Crucial habit: Always test empty inputs. If your function panics on an empty slice, that's a bug — ML data can be empty, missing, or malformed.
Key Takeaways
- Greek letters are just names — learn the 5 essential ones ($\alpha, \beta, \theta, \sigma, \lambda$) and you can read 80% of notation.
- Pronounce them aloud — saying "theta" or "epsilon" locks it in your memory.
- $\sum$ means add, $\prod$ means multiply — everything else is just details about the range.

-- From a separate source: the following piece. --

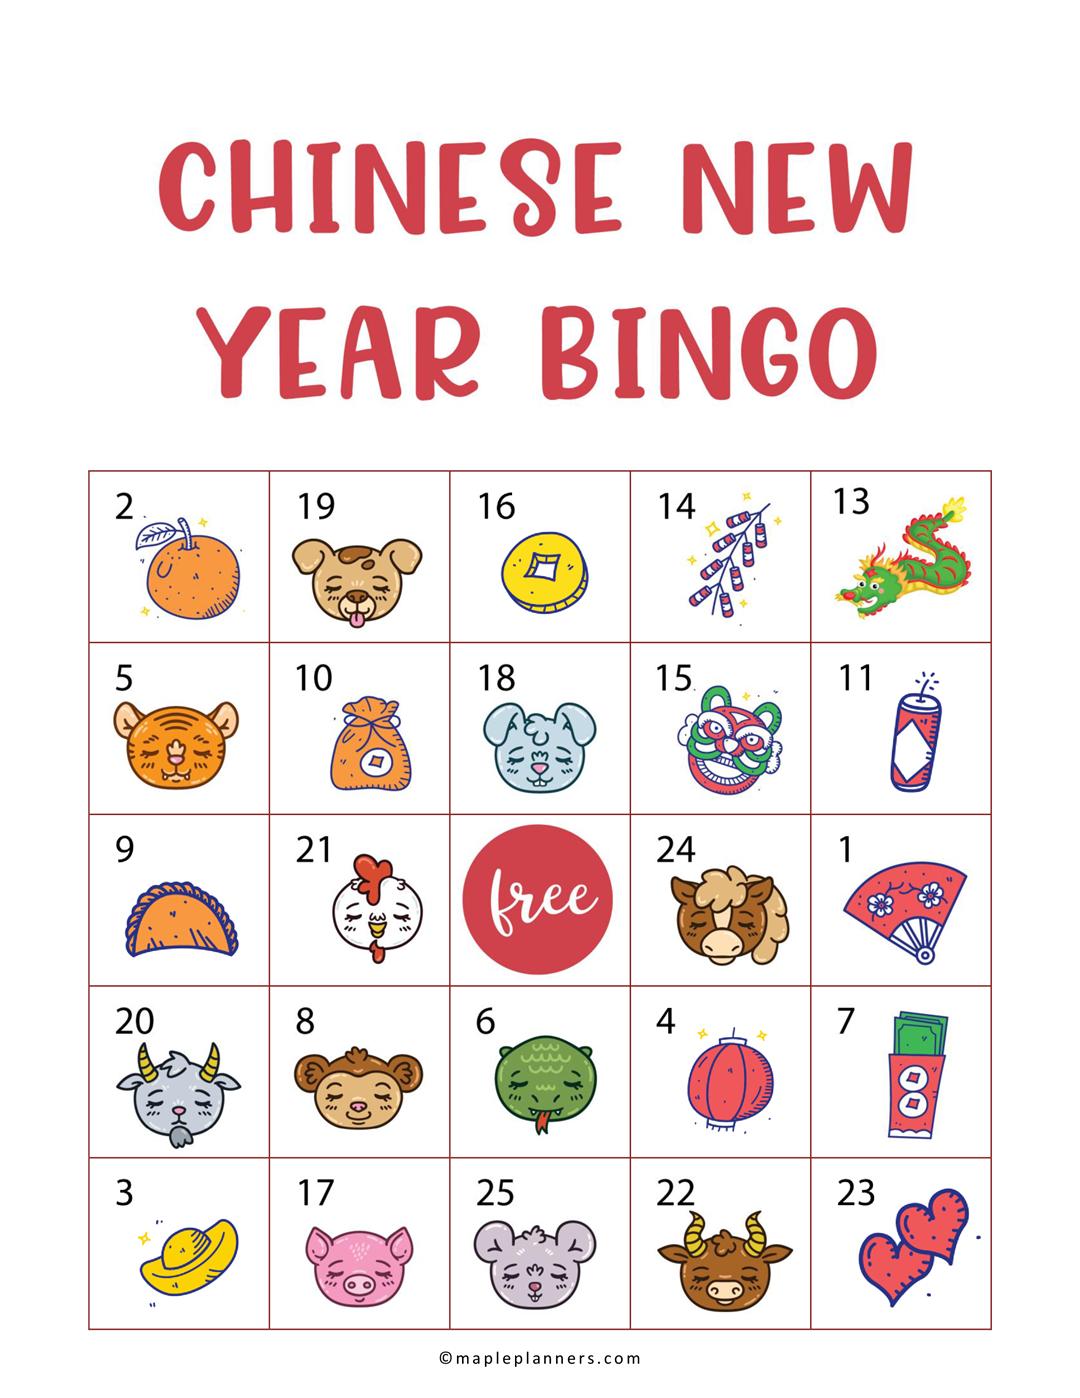 Free Printable Chinese New Years Eve Bingo Fun Activities For Kids In 2021 Bingo Cards Printable Chinese New Year Bingo
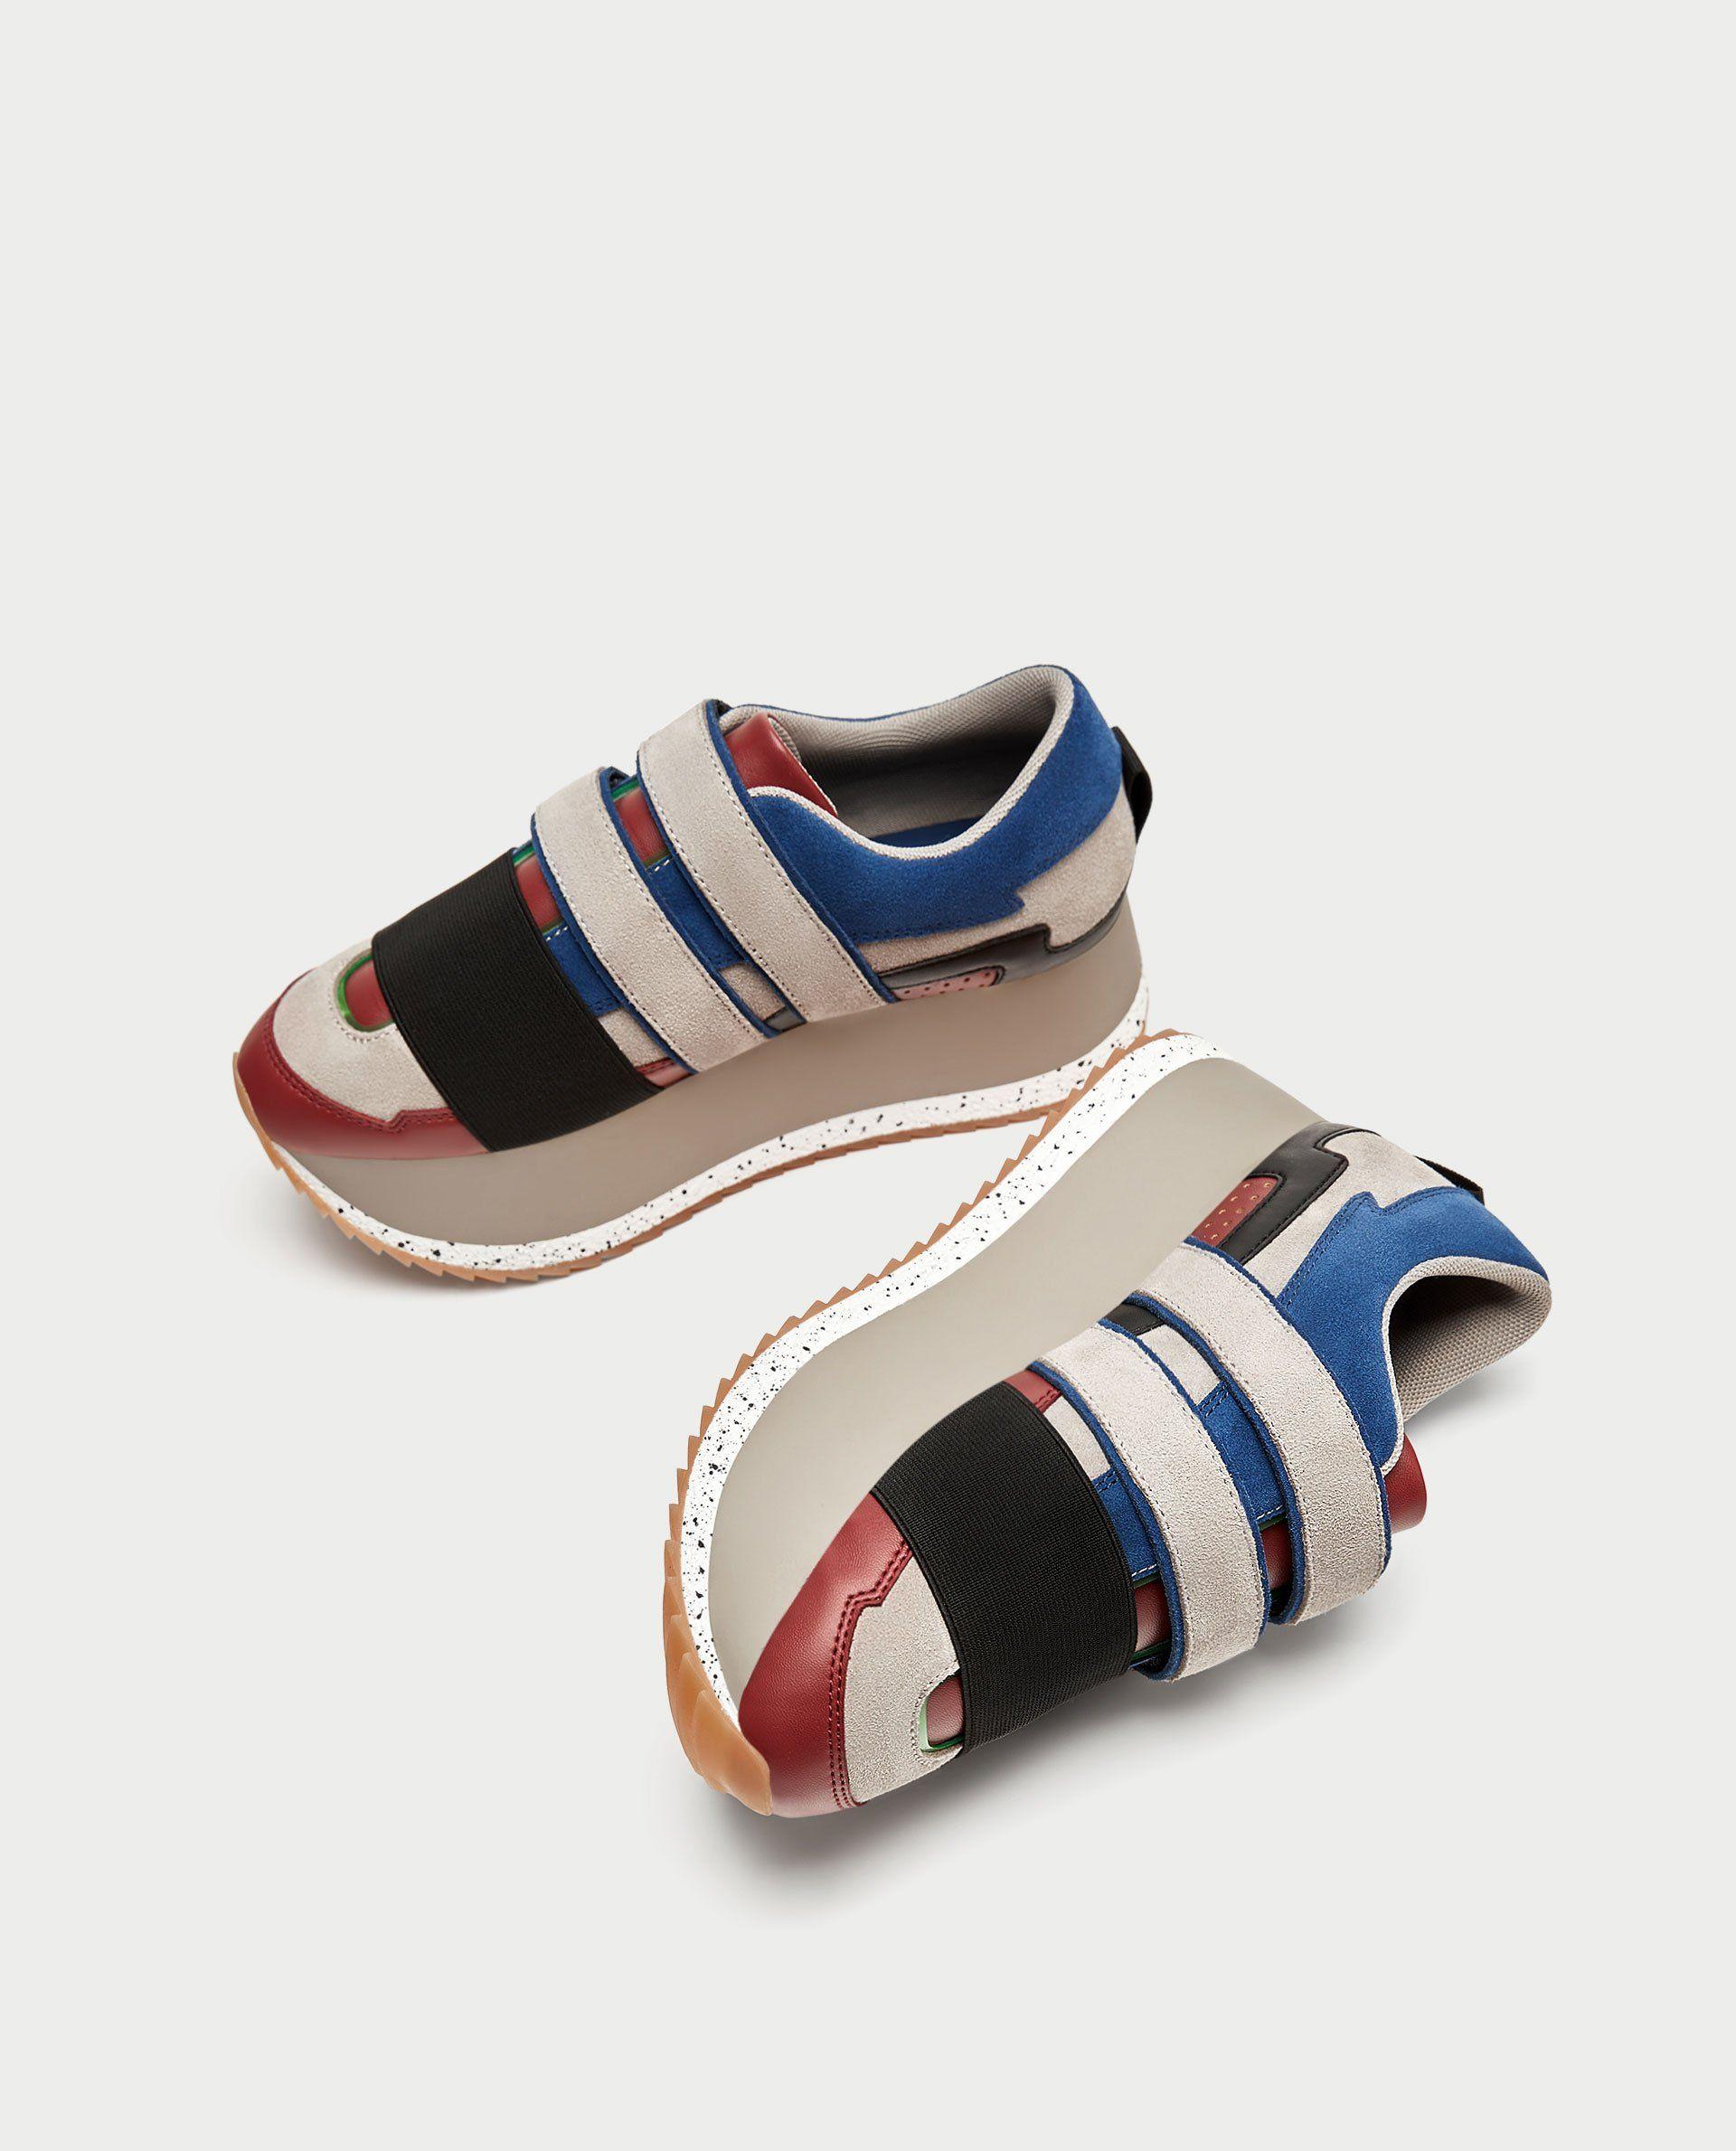 Zara Multicolored Platform Sneakers

- Set notation tells you the shape — $\mathbb{R}^{d \times k}$ immediately tells you "d by k matrix of real numbers."
- Every operator has a name — when you forget, the glossary is at
greek-glossary.html. - Implement the math in Rust — writing code that matches the notation is the fastest way to internalize it.